Молва не сохранила имя заводского острослова, первым допустившего столь смелое сравнение, но пришлось оно Николаю Ивановичу точно впору.

Сам Тронь в кино отродясь не ходил и вряд ли сумел бы объяснить, кто его знаменитый тезка, но на «Фантомаса» не обижался. Он, впрочем, отзывался бы охотно и на любое другое к нему обращение.

Иностранец, шутили в механическом, трудился на единственном, пожалуй, на всем «Газоаппарате» заграничном станке. И конечно, французском.

В цех Фантомас приходил раньше всех, задолго до семи утра. Облачался один в холодной пустой раздевалке в заскорузлую, блестящую на промасленных сгибах робу. Шнуровал тщательно тяжелые ботинки с загнутыми «боеголовками» и заклепками по бокам. Проходил незамеченный сквозь пустые гулкие переходы, через сборку и гальванику, мимо остывших станков к себе в закуток.

Минуту-другую стоял молча, безо всякого выражения созерцая ржаво-зеленые останки громоздкого, дышащего окалиной и уайт-спиритом станка, рожденного в период между двумя мировыми войнами в славном городе Лионе и невесть какими путями нашедшего последнее пристанище в столице Кубани на улице Зиповской.

Вопреки почтенному возрасту и долгой многотрудной жизни, станок этот вполне справно ходил под седлом Фантомаса.

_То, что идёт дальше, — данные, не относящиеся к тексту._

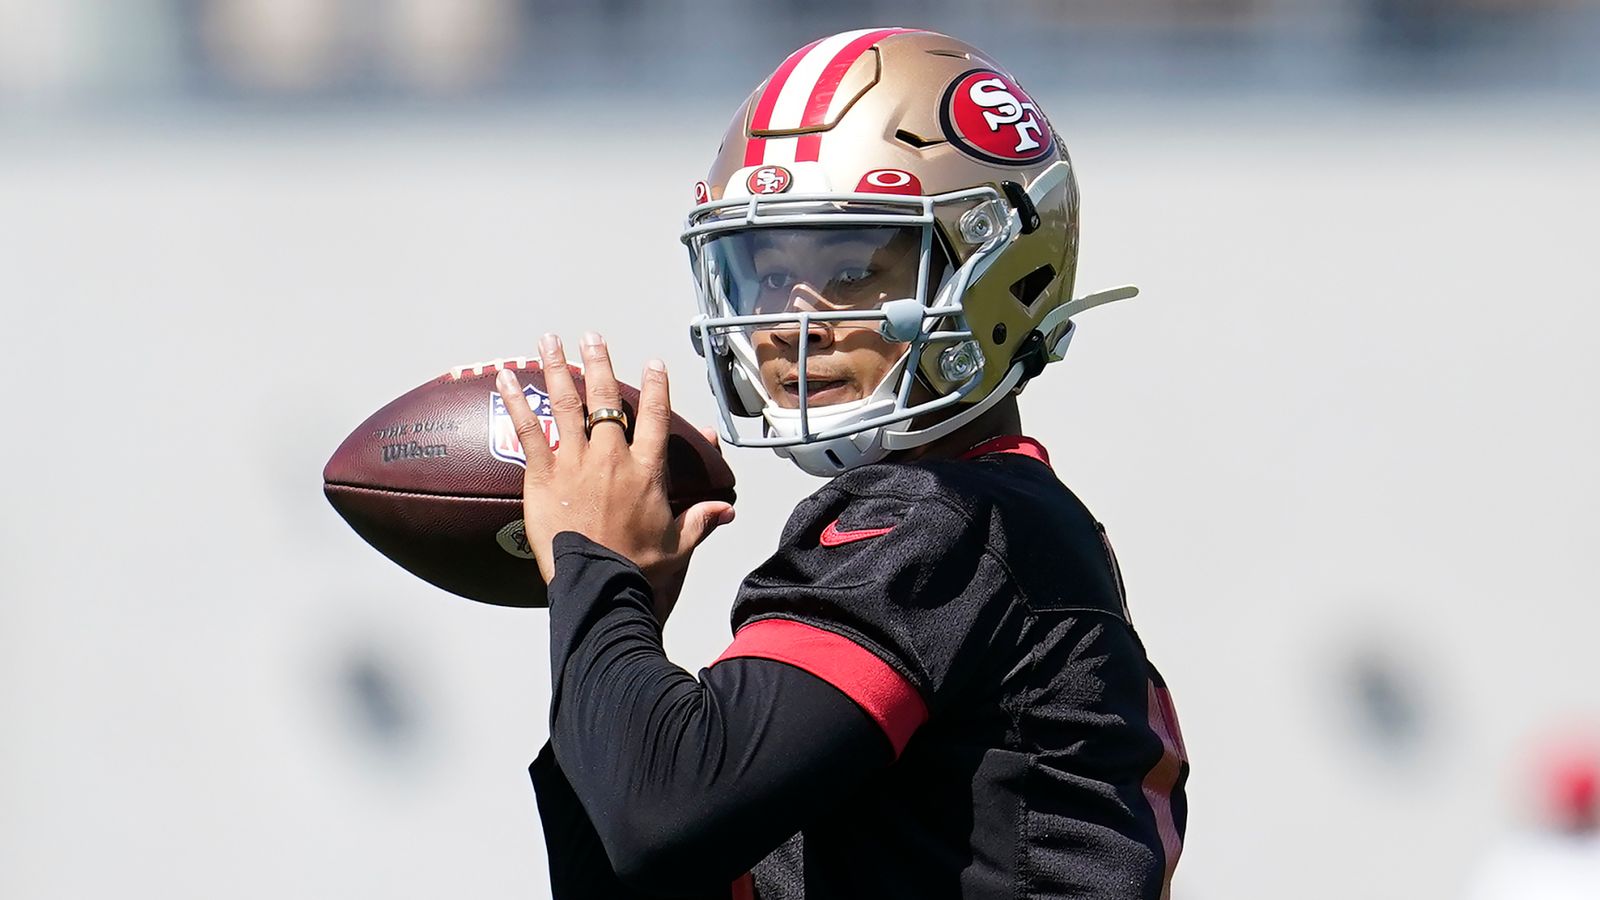 Trey Lance officially starting quarterback for San Francisco 49ers, while Deebo Samuel reports for training camp

Чарли Чаплин с его конвейером просто отдыхал бы рядом.

Да что он? Если бы сам Тейлор с его пресловутой системой выжимания пота рискнул ввести в своей далекой Америке нормы выработки, хронометрируя работу нашего Фантомаса, то, вероятнее всего, колыбелью пролетарской революции называли бы теперь не Питер, а какой-нибудь Красночикагск или Бостонград.

Но колесо истории завязло где-то в топких кубанских плавнях, далеко от подступов к берегам Дикого Запада. Естественный ход эволюции, таким образом, нарушен не был, и заокеанские братья по классу остались в счастливом неведении относительно того, сколько на самом деле пота можно выжать из одного только человека.

Соотечественникам, однако, Фантомас примером не служил тоже. Его давно уже не ставили резать горловины, гнуть патрубки или — еще чего! — точить колпаки для газовых баллонов.

Там, где хороший рабочий при норме, скажем, тысяча триста колпаков зарабатывал в месяц целковых триста пятьдесят — четыреста (деньги для семидесятых годов, замечу, немалые), Фантомас за день мог «настрогать» недельную норму, а через месяц завалить сборку деталями на месяц вперед.

И потому он снимал фаску...

Не найти в механическом, а пожалуй, и на всем заводе работы более дешевой, нудной и грязной. Берешь в руки длинную, около метра, трубку, черную, ржавую, всю в окалине и жирной смазке (с какой только помойки их привозили?), вставляешь в патрон, потом на небольшой скорости счищаешь всю эту дрянь, поднимая в воздух клубы пыли. Дальше две-три секунды снимается фаска, трубка летит в контейнер — и хватай, не зевай, следующую.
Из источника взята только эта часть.